Another potential reason for the brown patches in your lawn is ‘Dry Patch’, which is caused by dry weather conditions. This can be a very irritating problem as it leaves unsightly dry patches throughout. Dry patches are caused by the production of waxy resins from naturally occurring soil fungus. These resins bind the soil particles together, causing the soil to repel water and become hydrophobic which means that the water cannot penetrate. Aeration and the application of silicon wetting agents can help solve this problem rapidly, but only when the soil moisture levels begin to increase.

On heavier soils, where moisture has not been so critical, recovery has already started and the lawns will be recovering well. Nutrition levels will need to be increased as that grass begins to grow vigorously whilst the conditions continue to improve. However, care should still be taken to use controlled release fertiliser as there is still the risk of dry weather.

As grass growth increases we need to make sure mowing is carried out on a regular basis to prevent any further thatch build up. Despite the typical British summer weather, we may still experience some hot weather so try to keep the cut height above 25mm to prevent damage to the plants from heat and as always, please avoid cutting grass in hot weather as this can cause further damage. There will also be a flush of weeds which can be dealt with using selective herbicides.

With any new turf, care should be taken to make sure moisture levels are kept at a sensible level.
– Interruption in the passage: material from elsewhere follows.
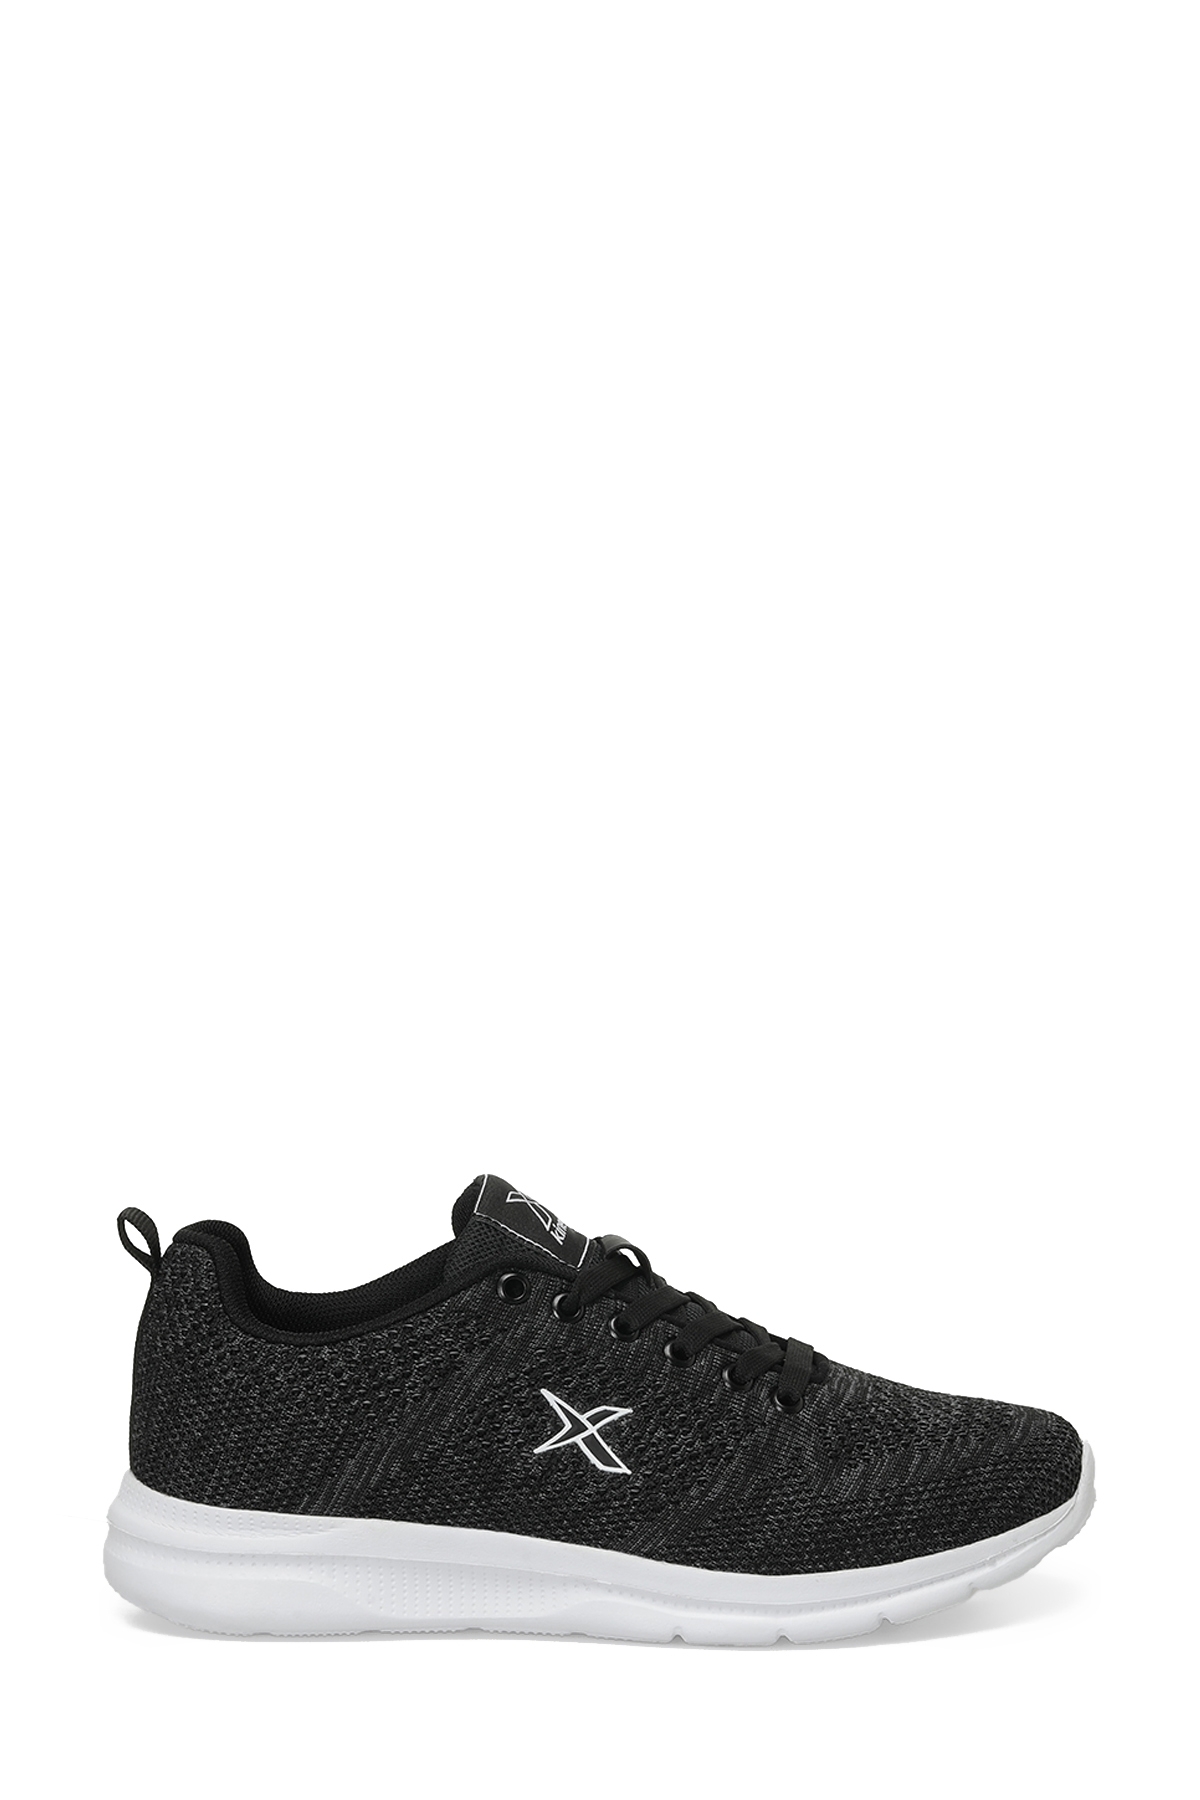 Levně KINETIX FINARE TX 4FX Men's Black Sneaker
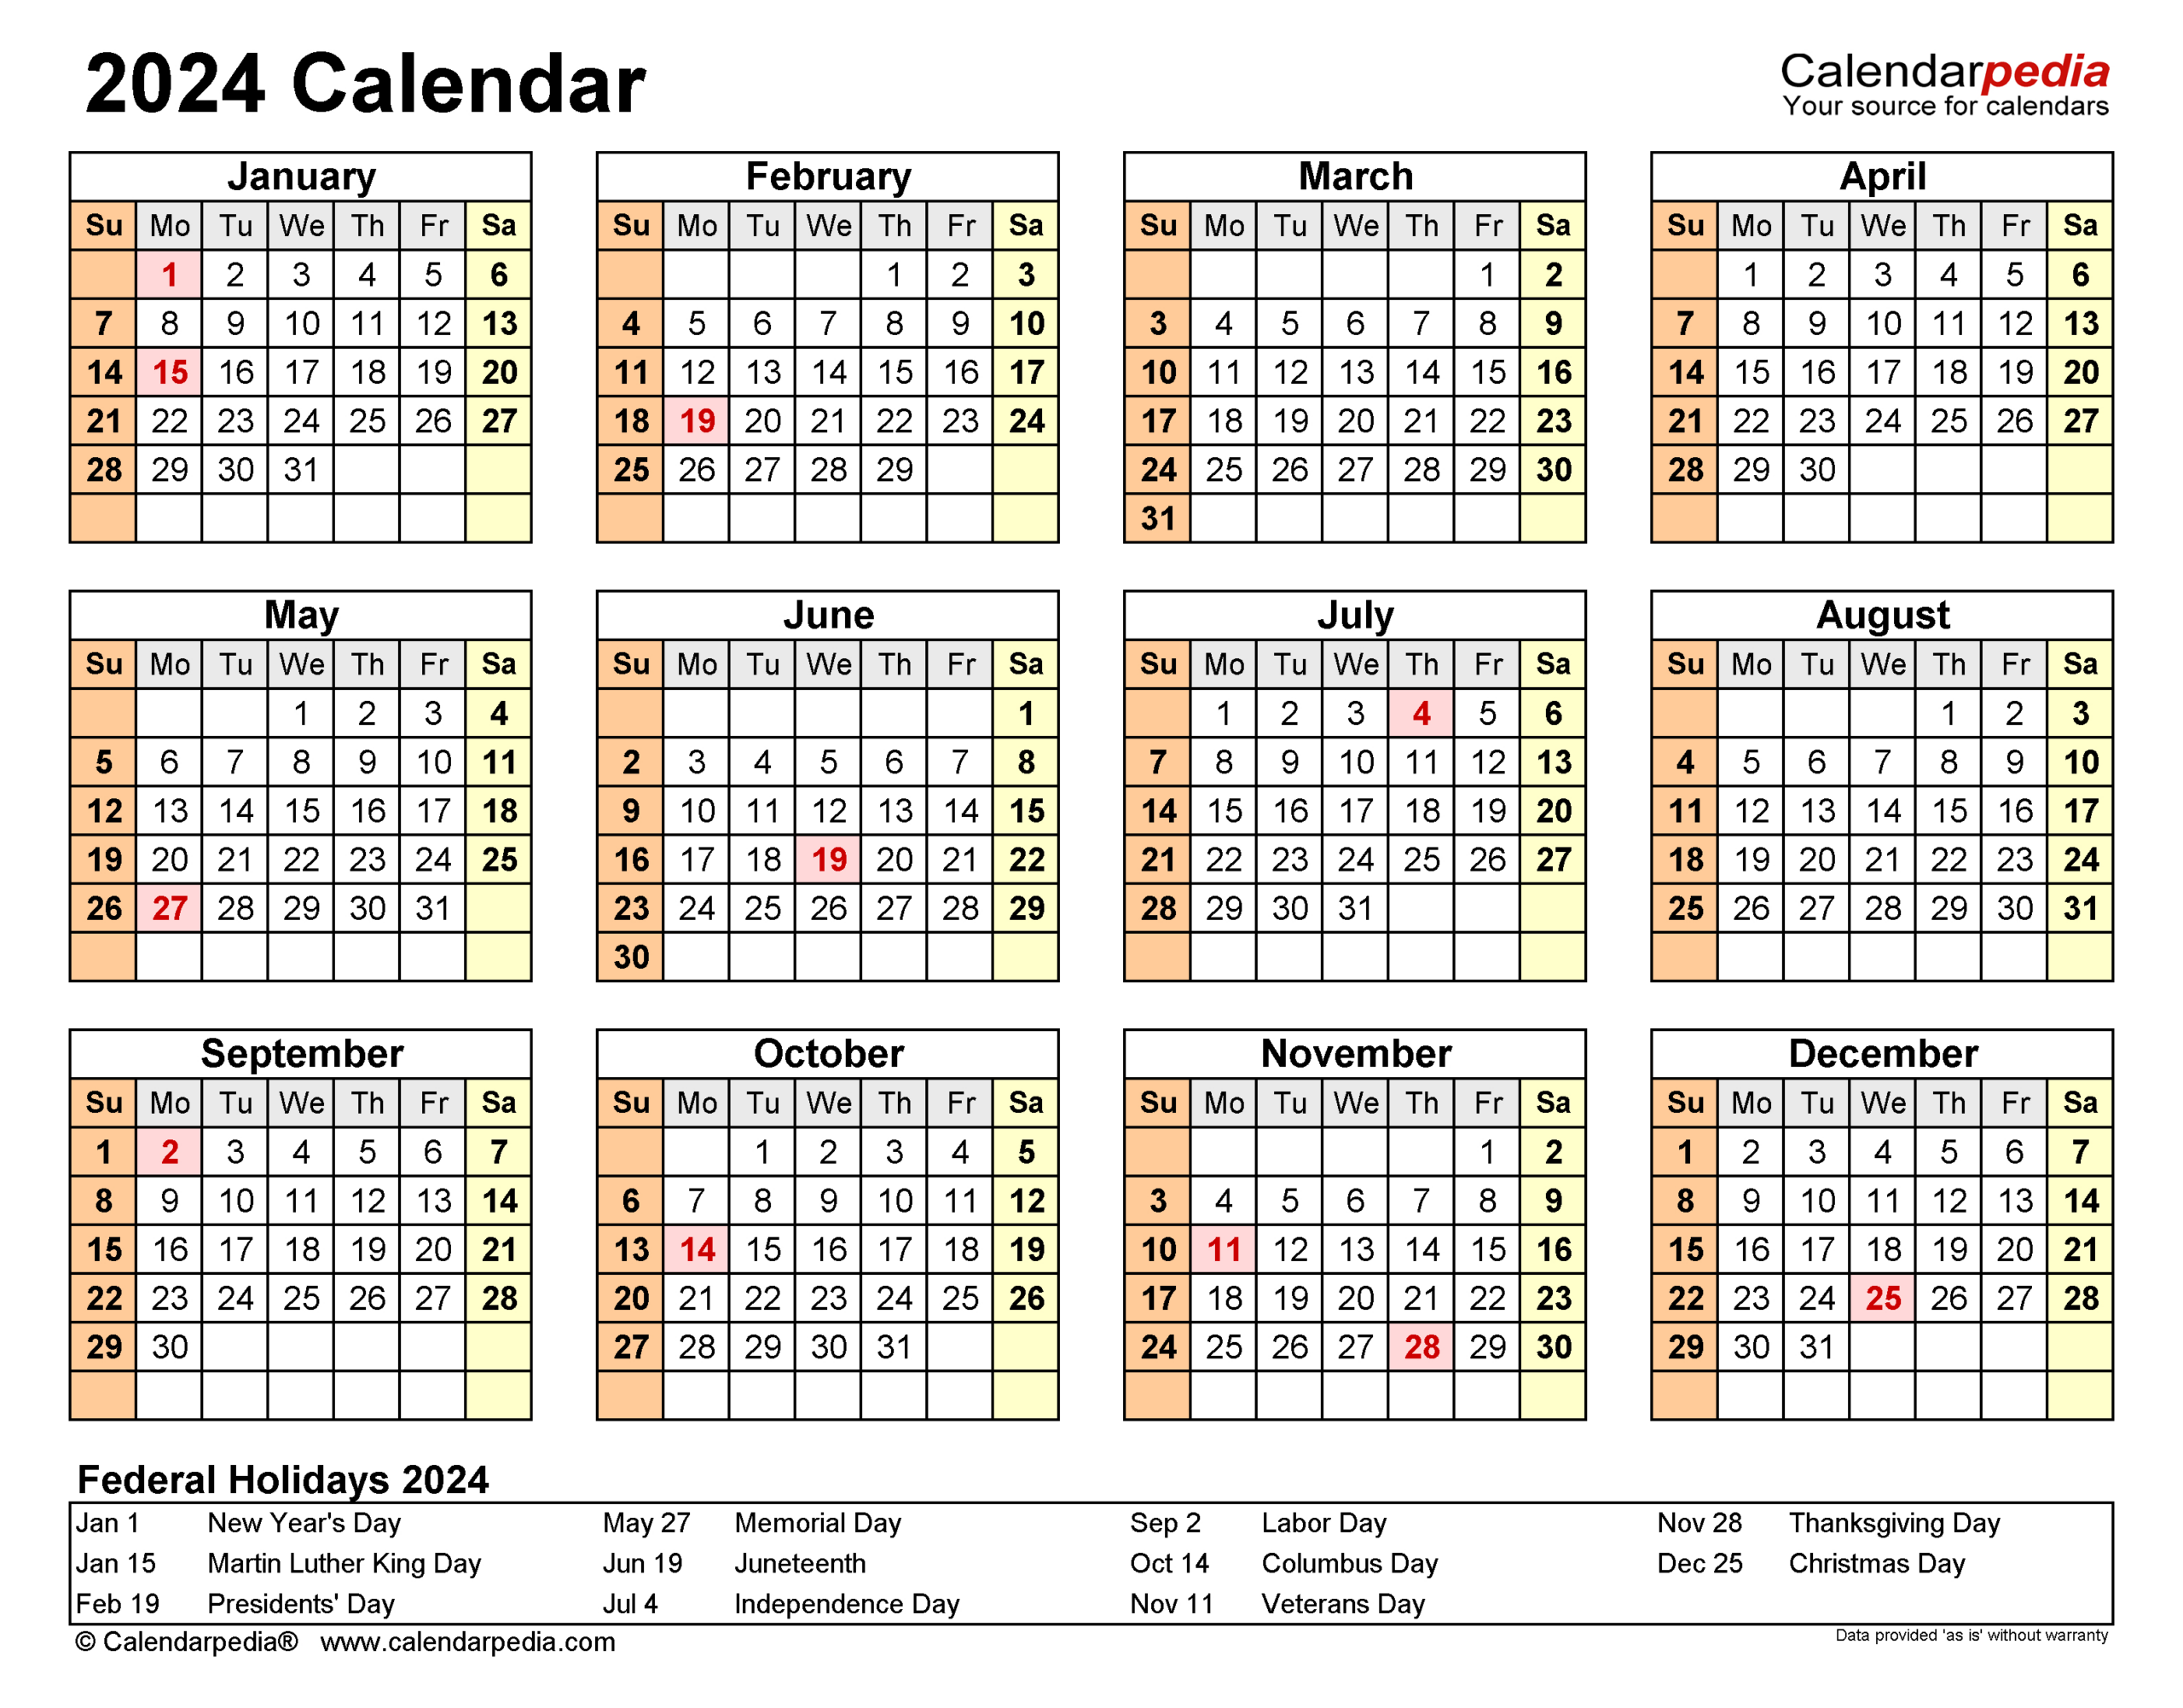 2024 Calendar - Free Printable Excel Templates - Calendarpedia | 2024 Yearly Calendar Excel

If it’s too dry then the juvenile root system will not be able to extract enough water for the plants but if it’s too wet, the roots will not begin to grow down though the soil as they will not develop in anaerobic conditions. Treat your lawn like a potted plant - feel the soil to make sure it is damp and not dry, or too wet.

Nutrition levels are important, but it is critical to use a controlled release fertiliser or we stand the risk of scorching the root system which will be very tender. We like to use the ‘little and often’ method.